* **Task inputs**
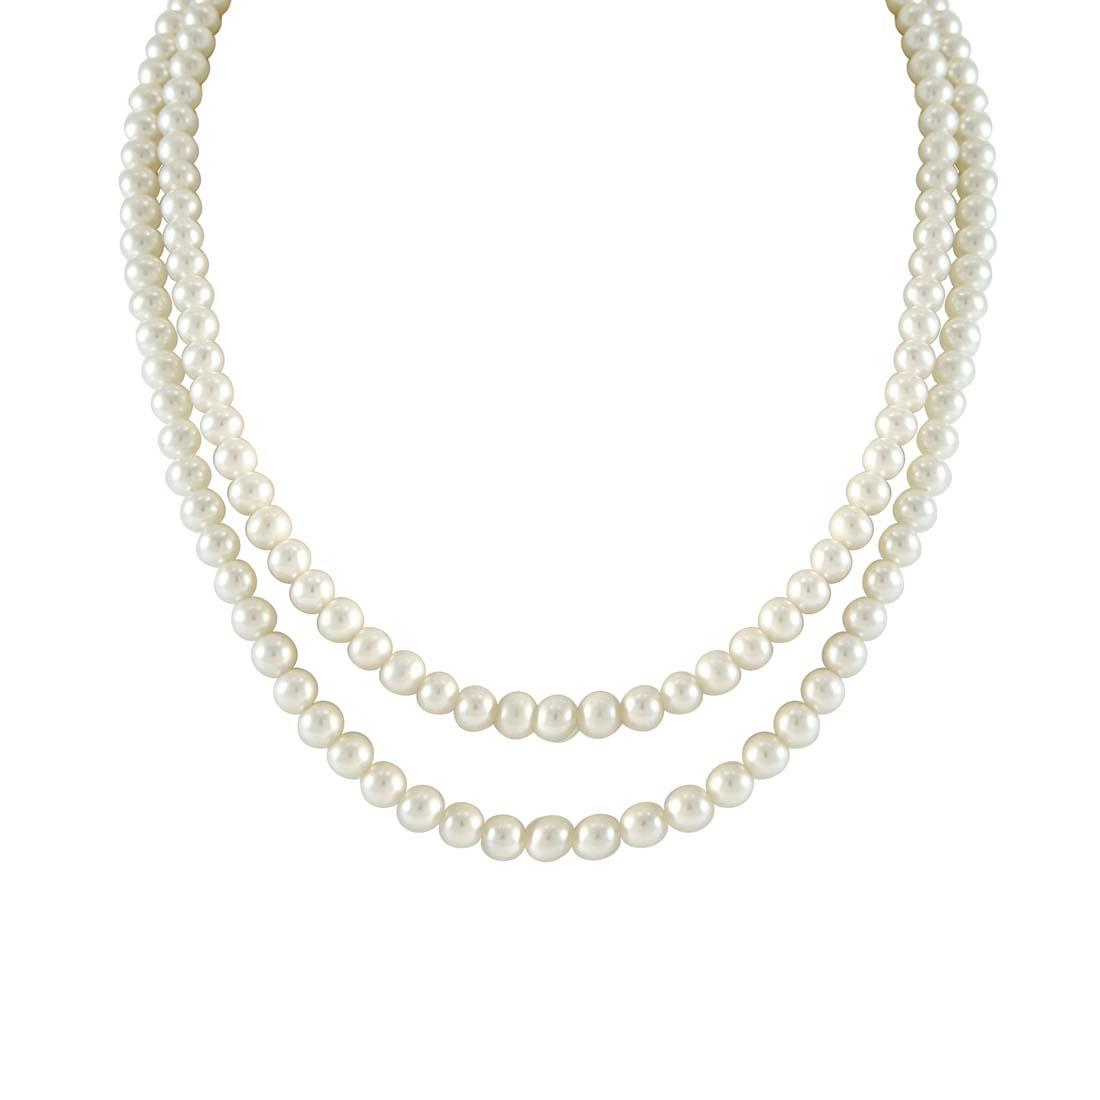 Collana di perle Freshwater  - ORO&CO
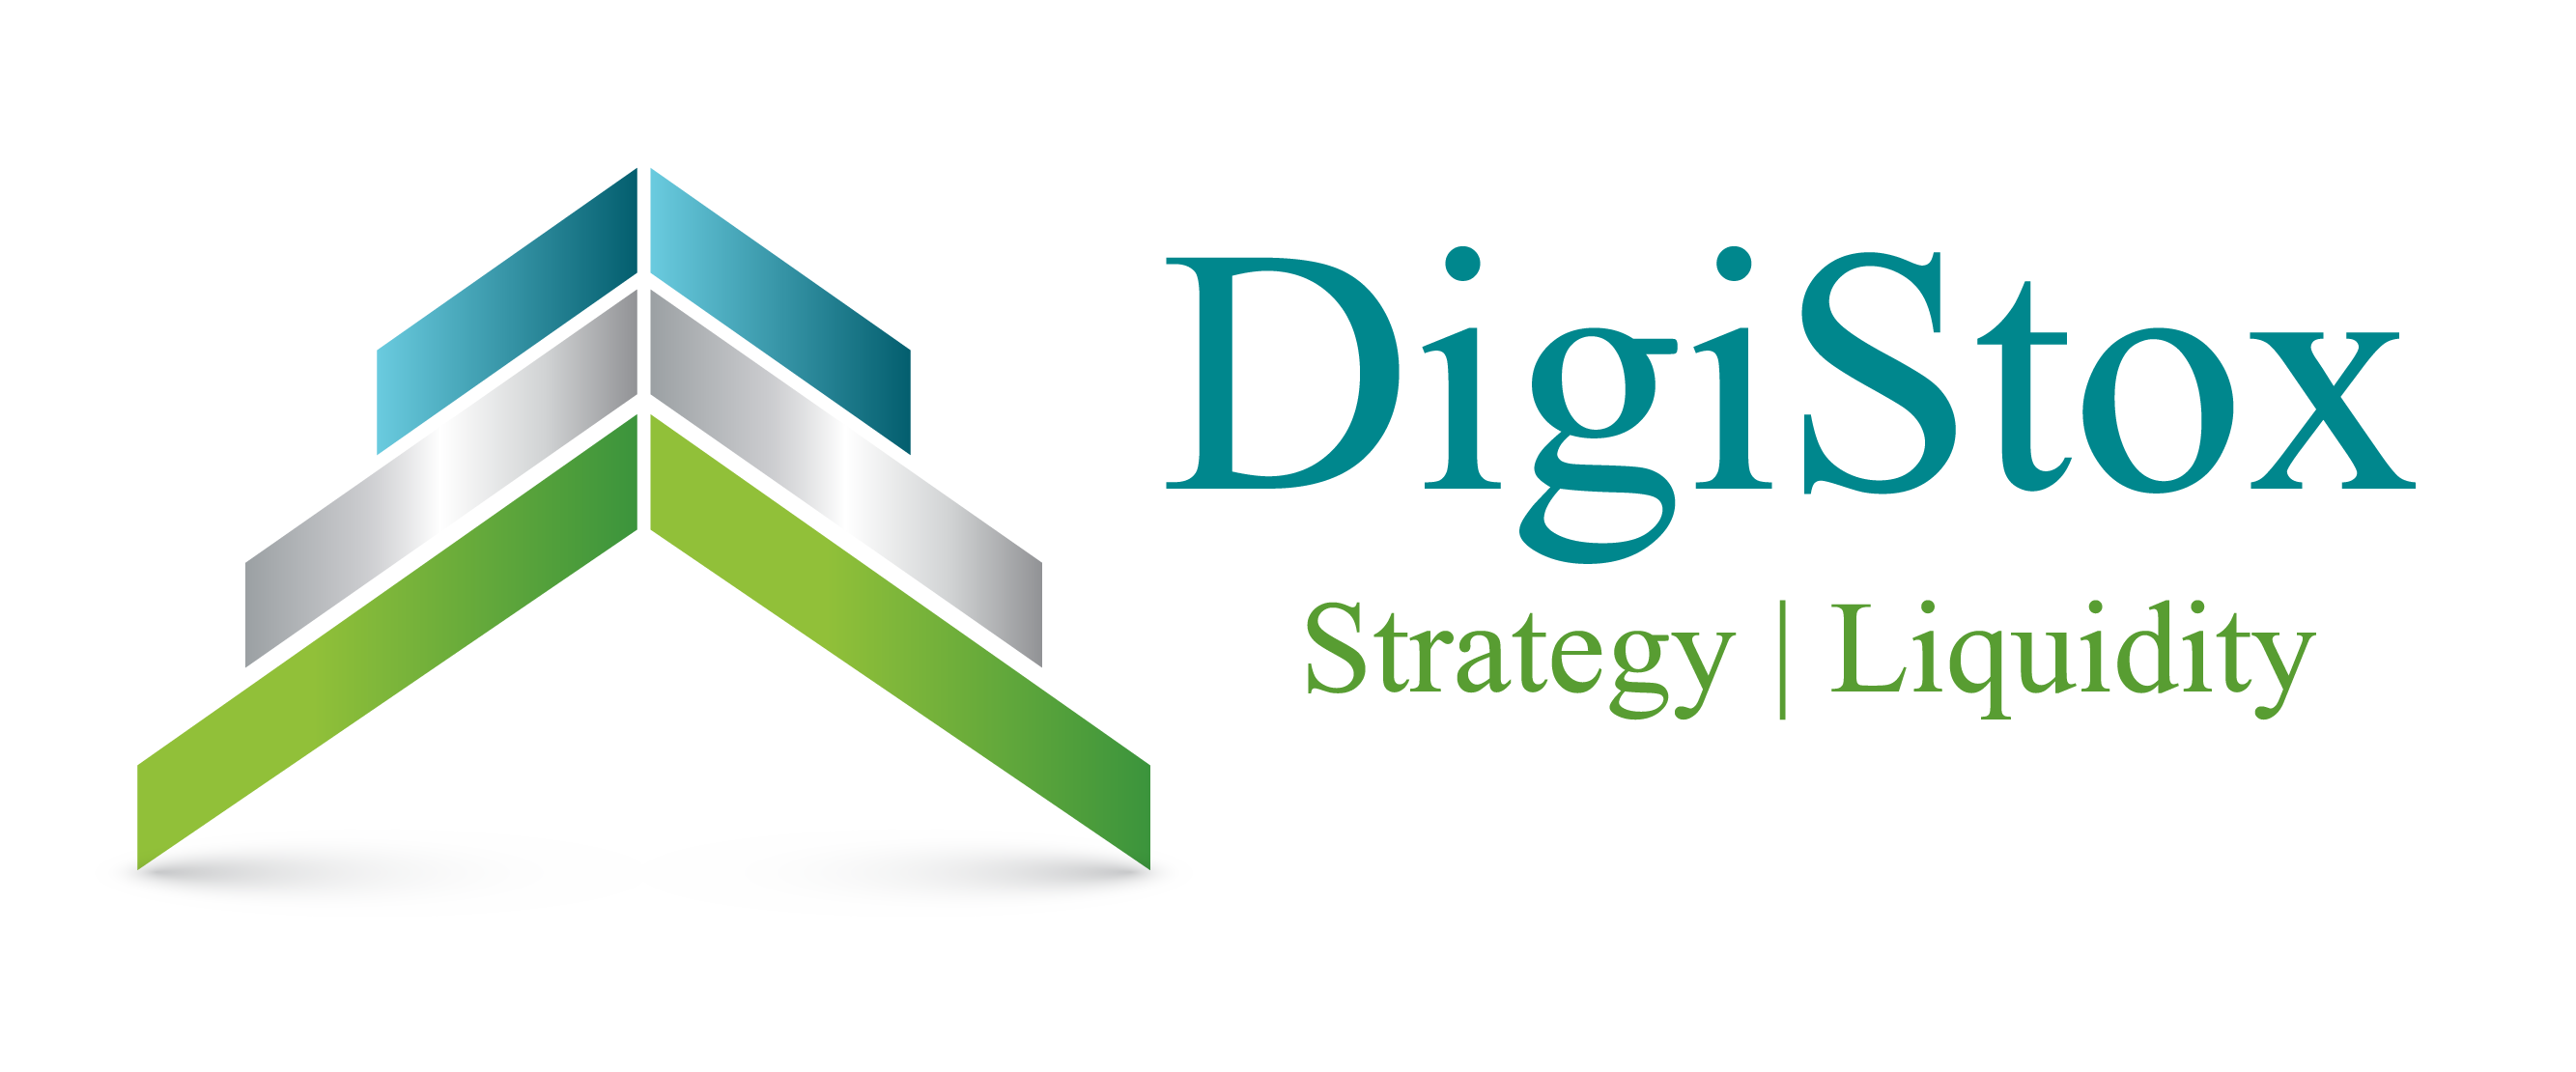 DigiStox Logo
--
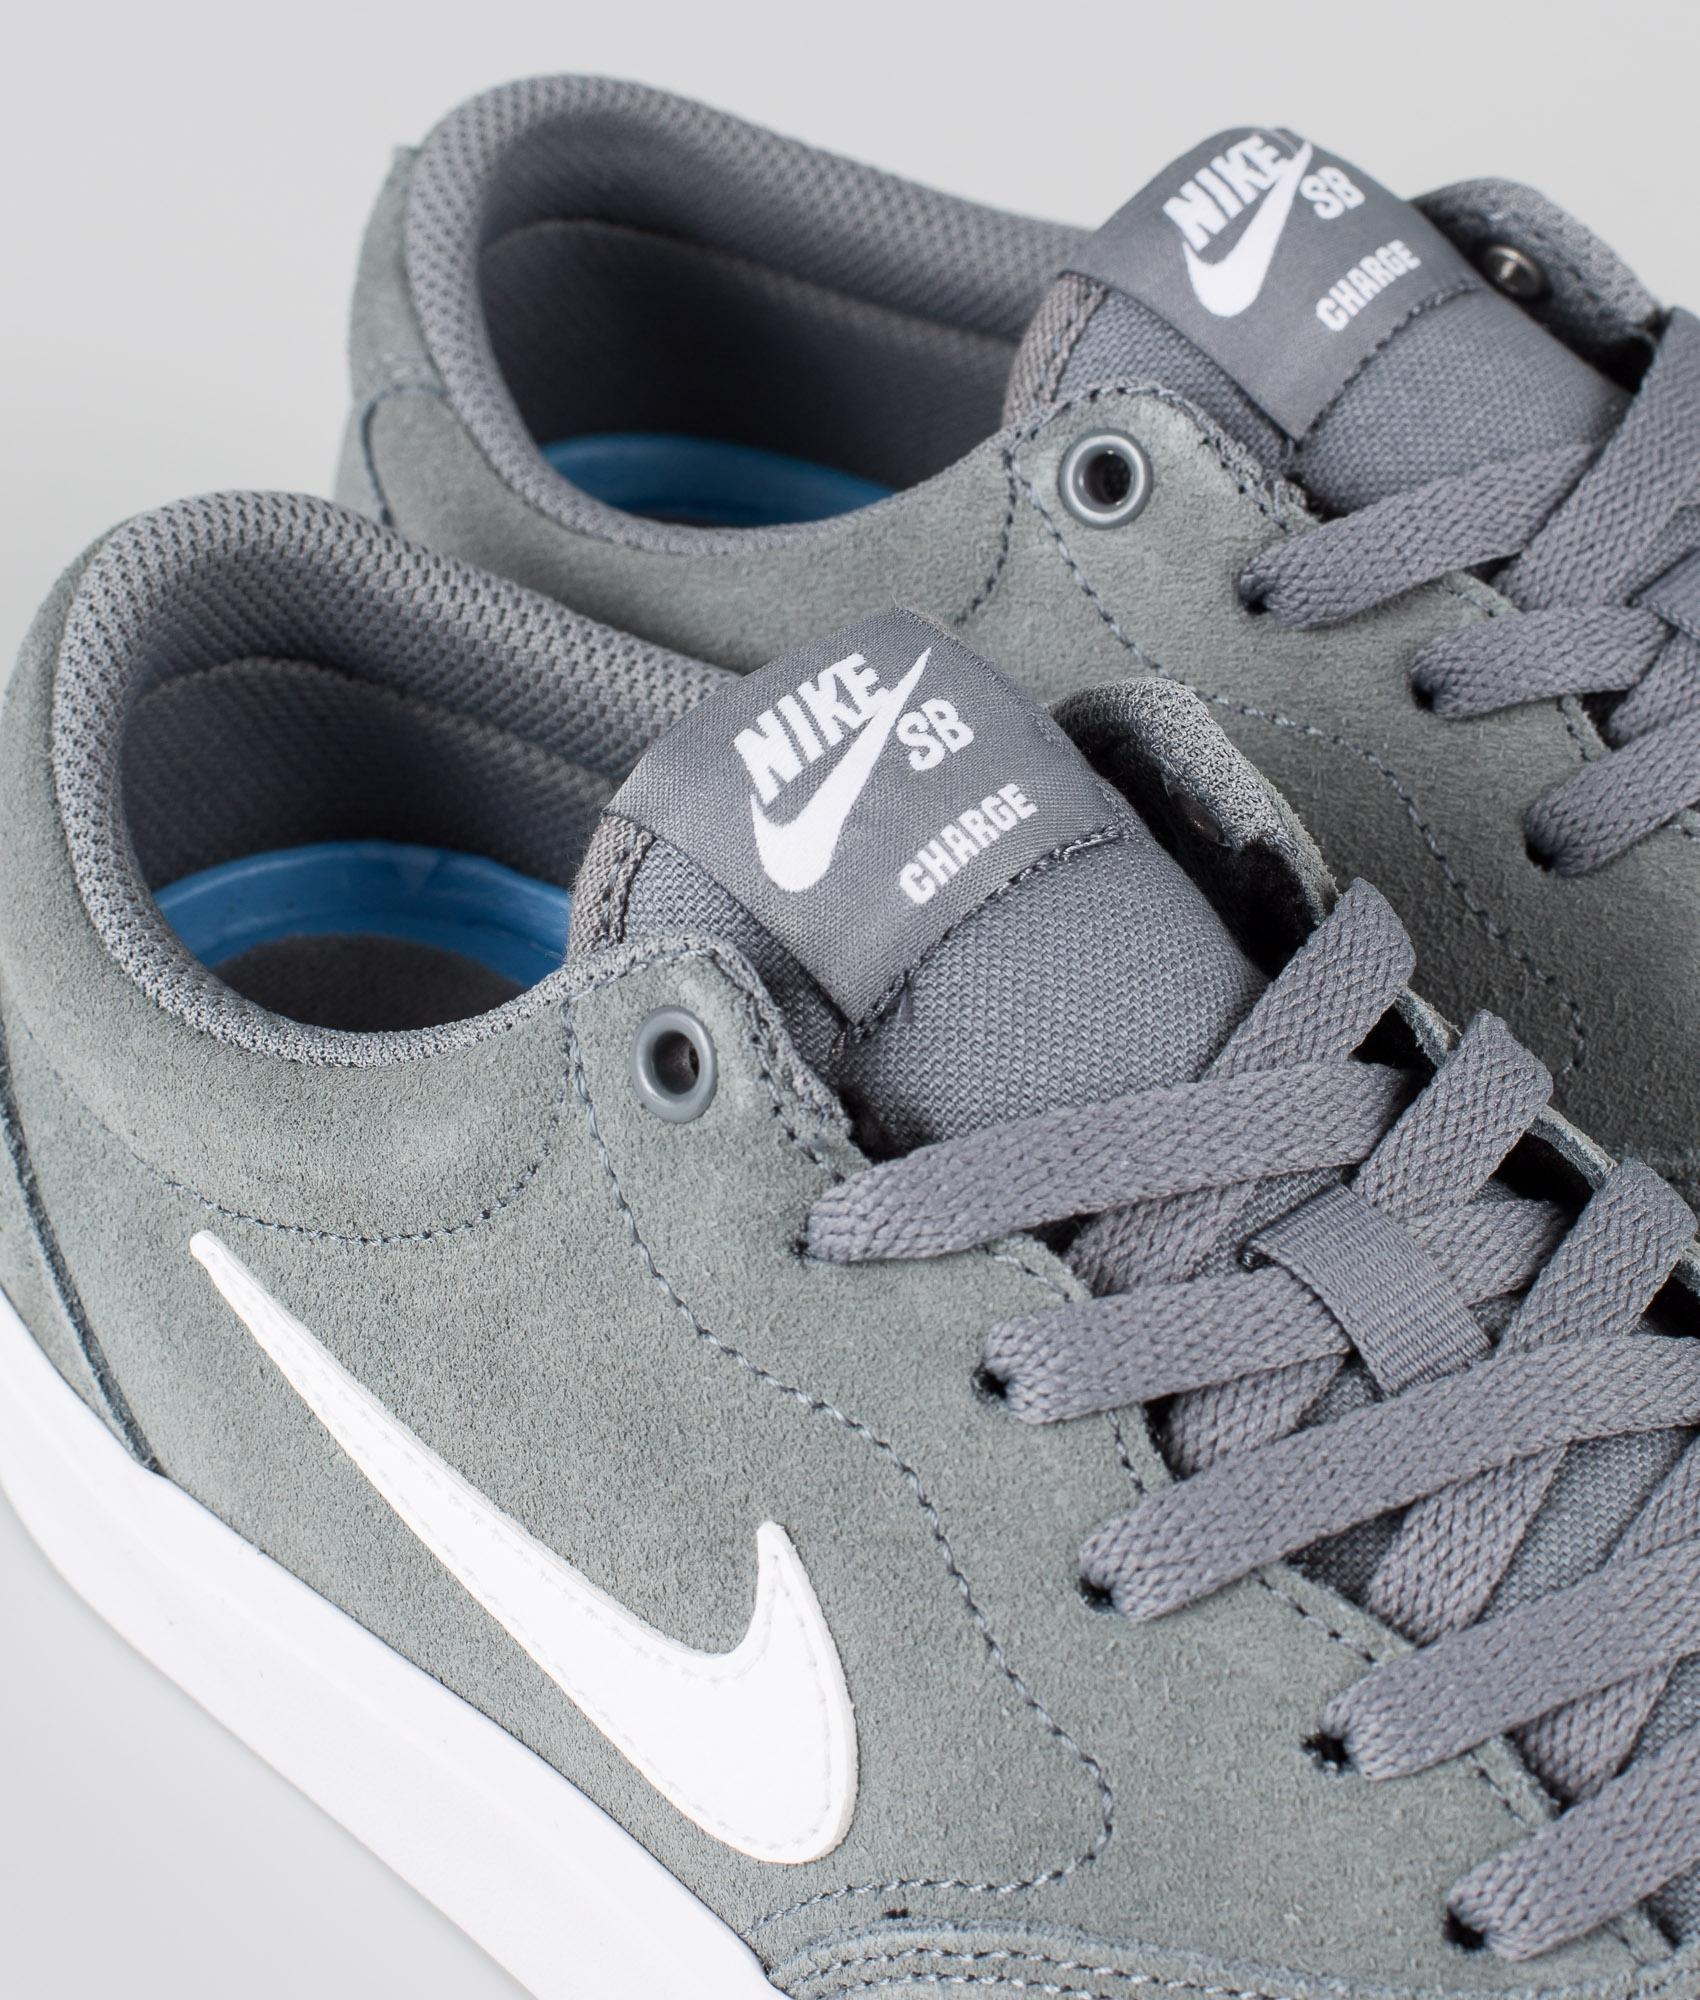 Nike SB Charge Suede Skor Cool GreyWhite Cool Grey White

* **What you are asked to do**
The answer must be the part of the records that opens with the line containing "Collana di perle" and closes with the line containing "DigiStox Logo", reproduced exactly, with no pictures.

* **Exercise response**
 Collana di perle Freshwater  - ORO&CO
 DigiStox Logo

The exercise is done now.